▶ _Exercise prompt_: The whole listing is to be written out again exactly; the pictures are not.

▶ _Source data_:
<<<<

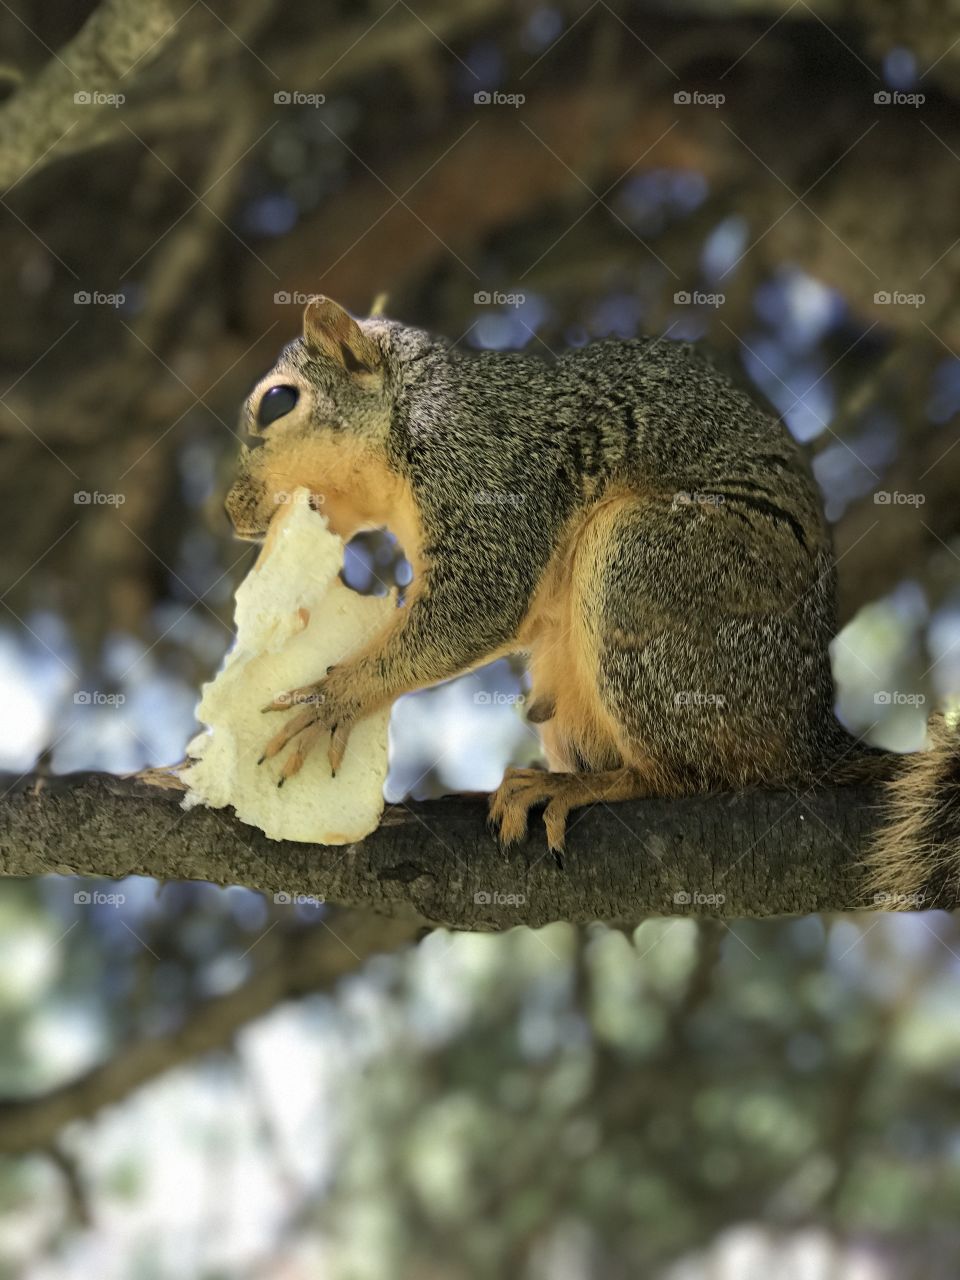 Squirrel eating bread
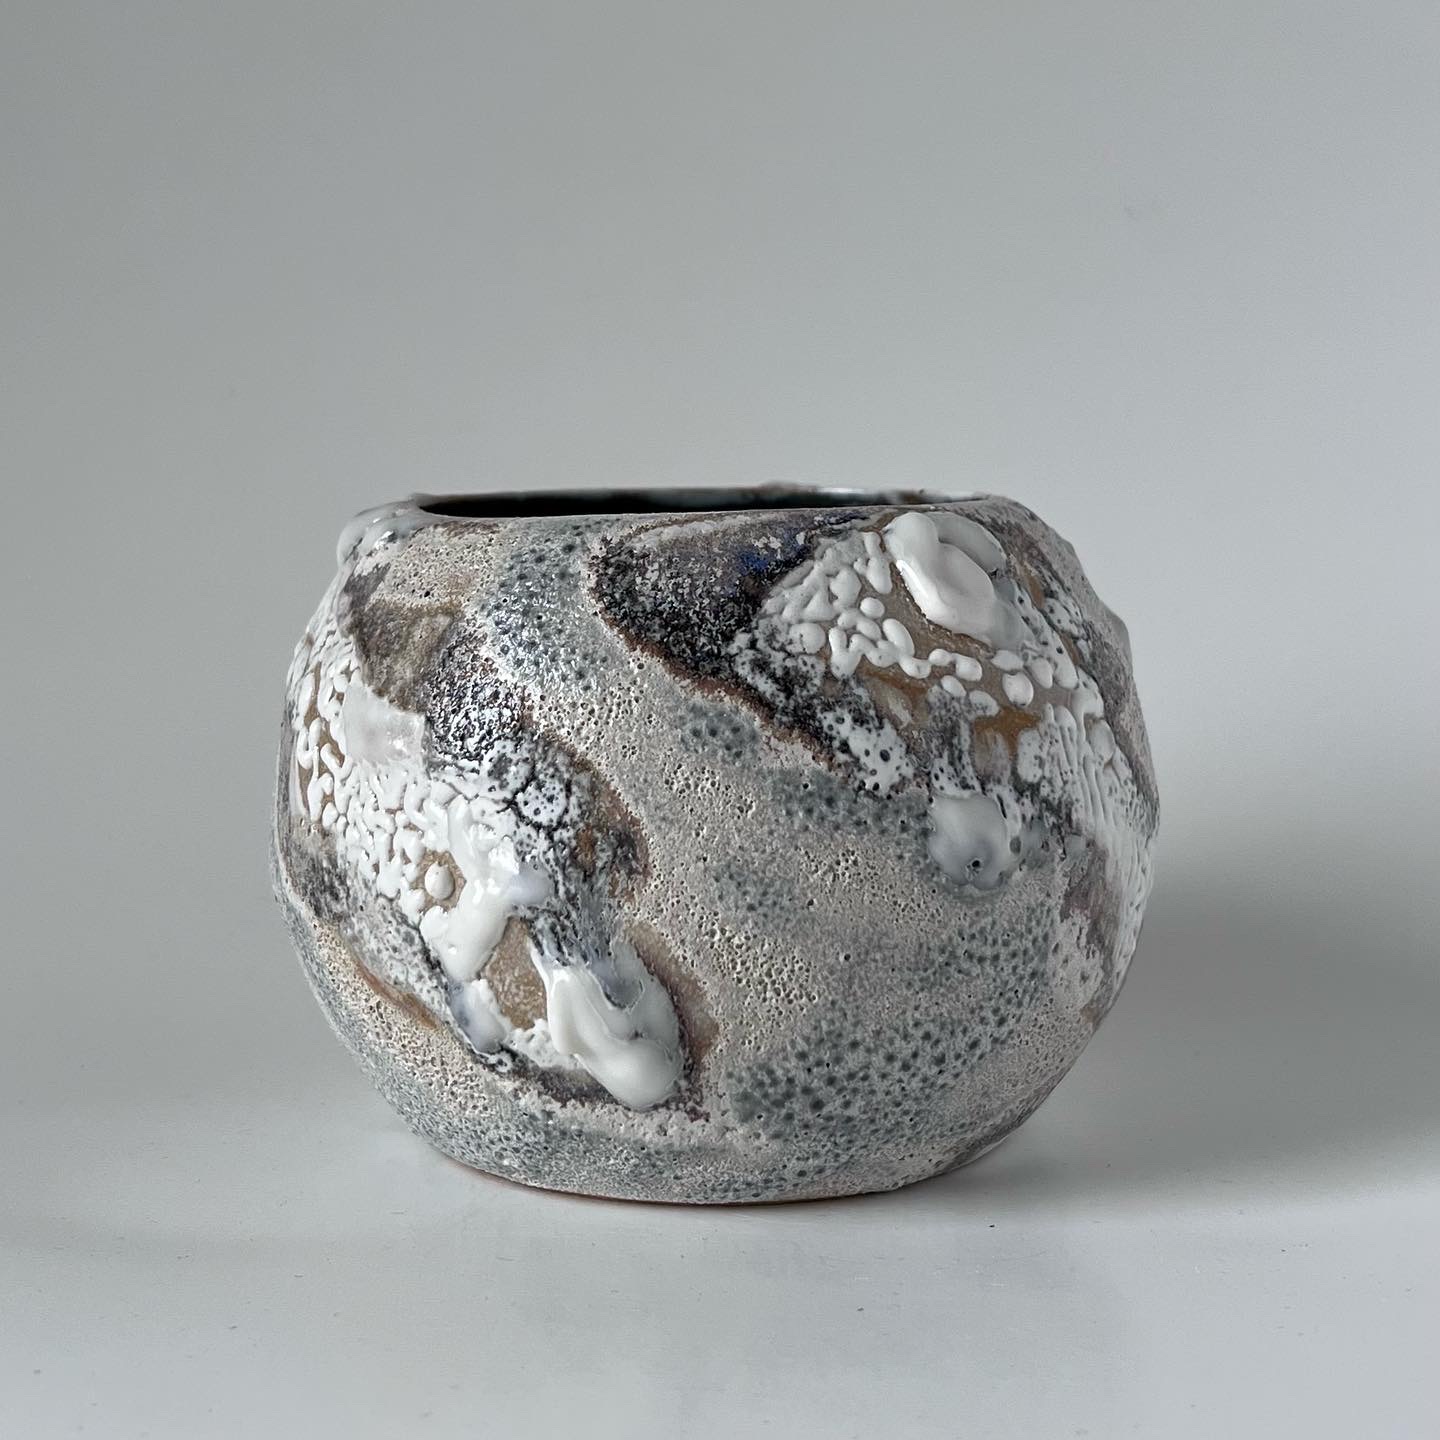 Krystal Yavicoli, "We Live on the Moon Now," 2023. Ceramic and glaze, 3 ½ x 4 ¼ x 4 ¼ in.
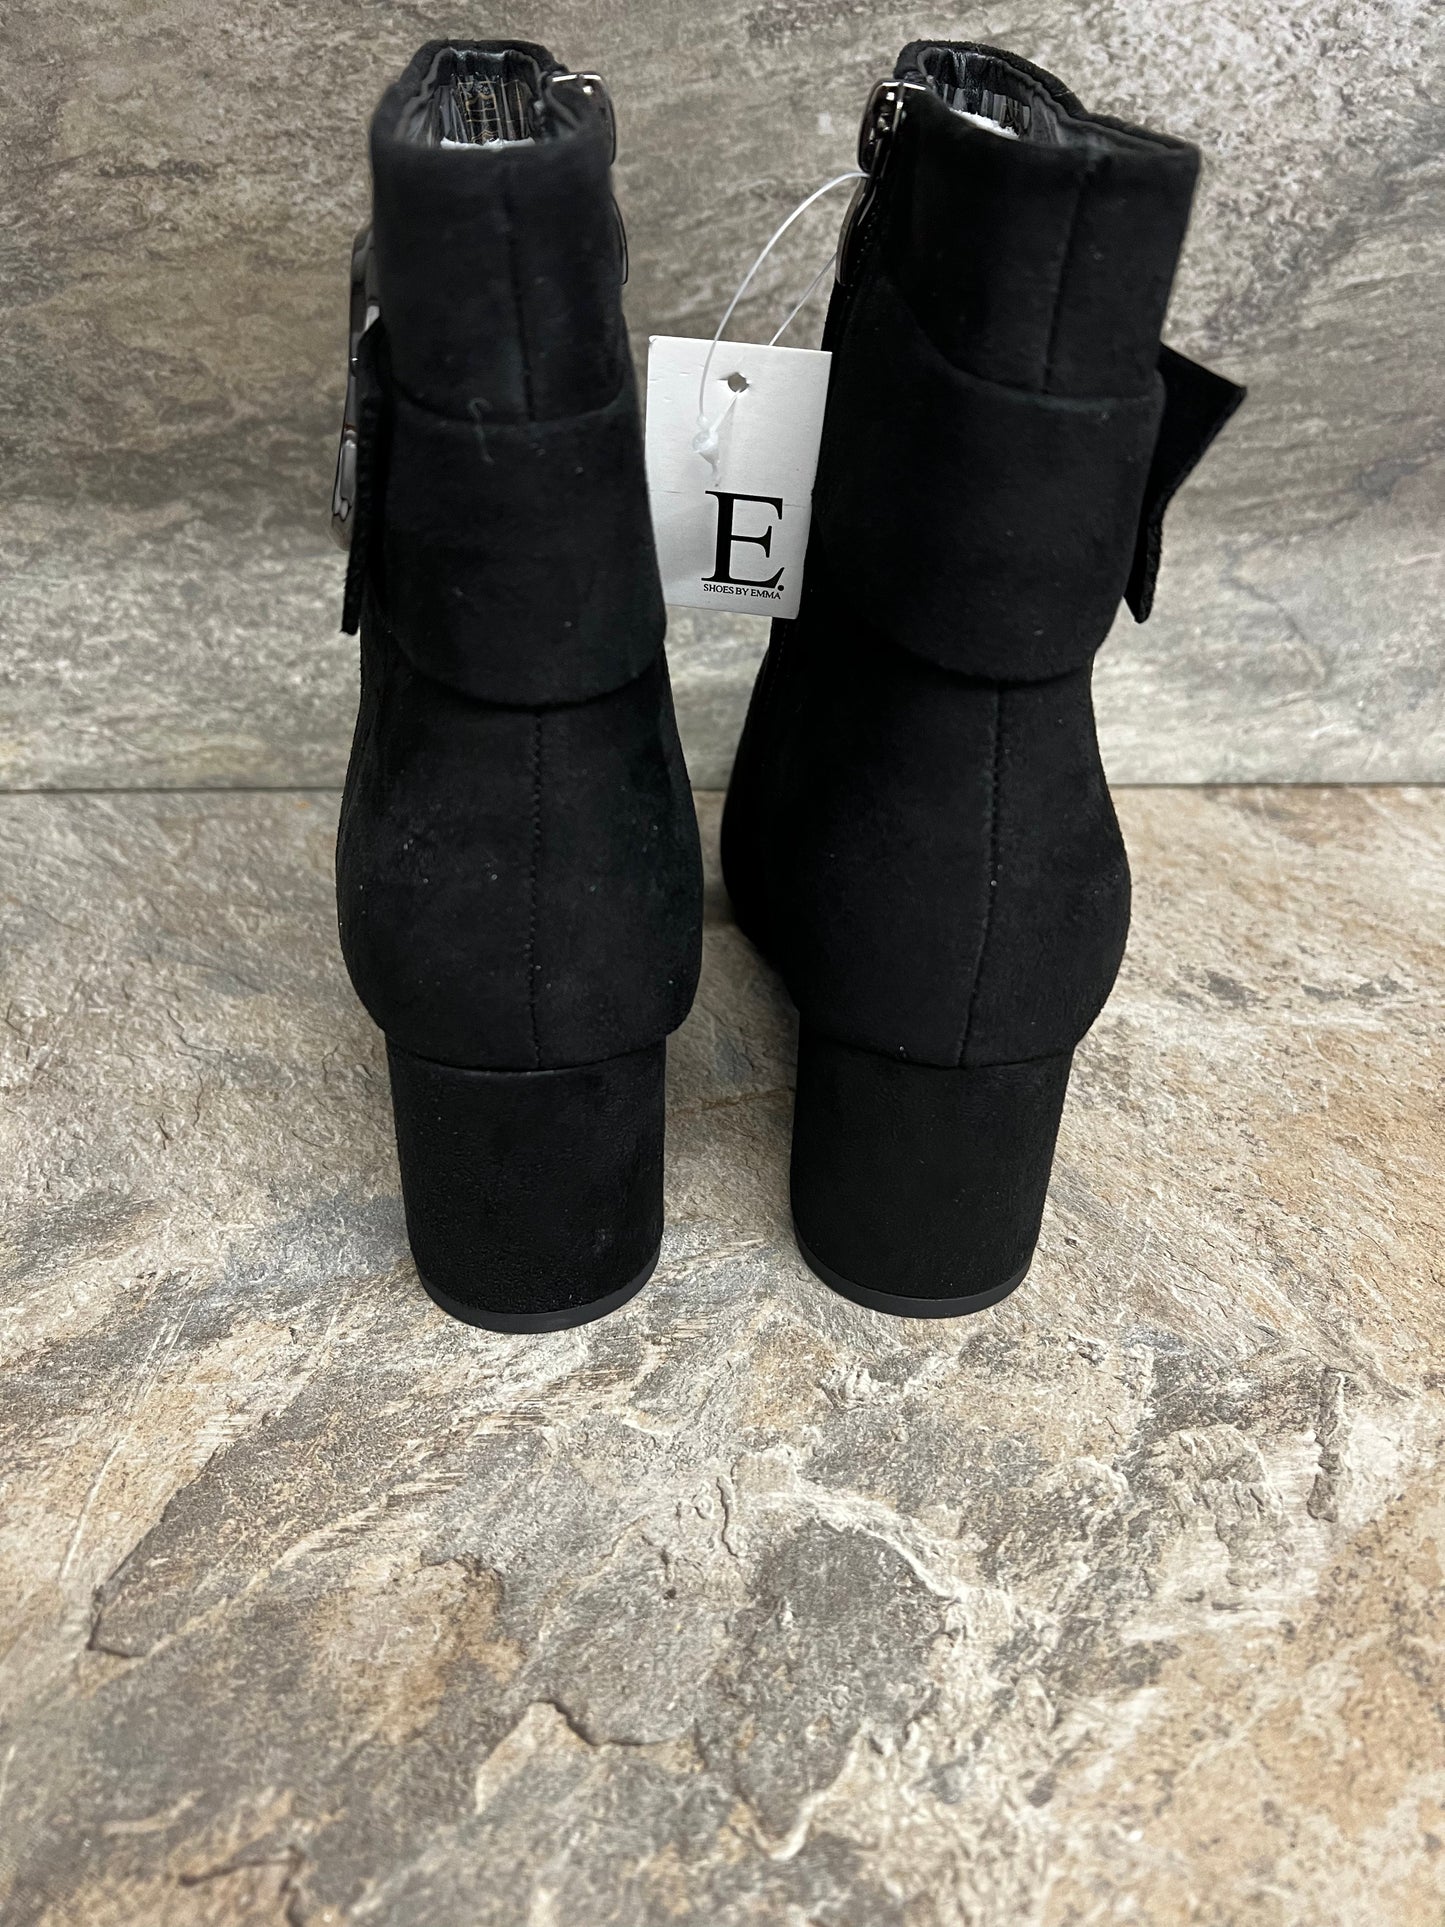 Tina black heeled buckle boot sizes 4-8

>>>>

▶ _Written answer_:
 Squirrel eating bread
 Krystal Yavicoli, "We Live on the Moon Now," 2023. Ceramic and glaze, 3 ½ x 4 ¼ x 4 ¼ in.
 Tina black heeled buckle boot sizes 4-8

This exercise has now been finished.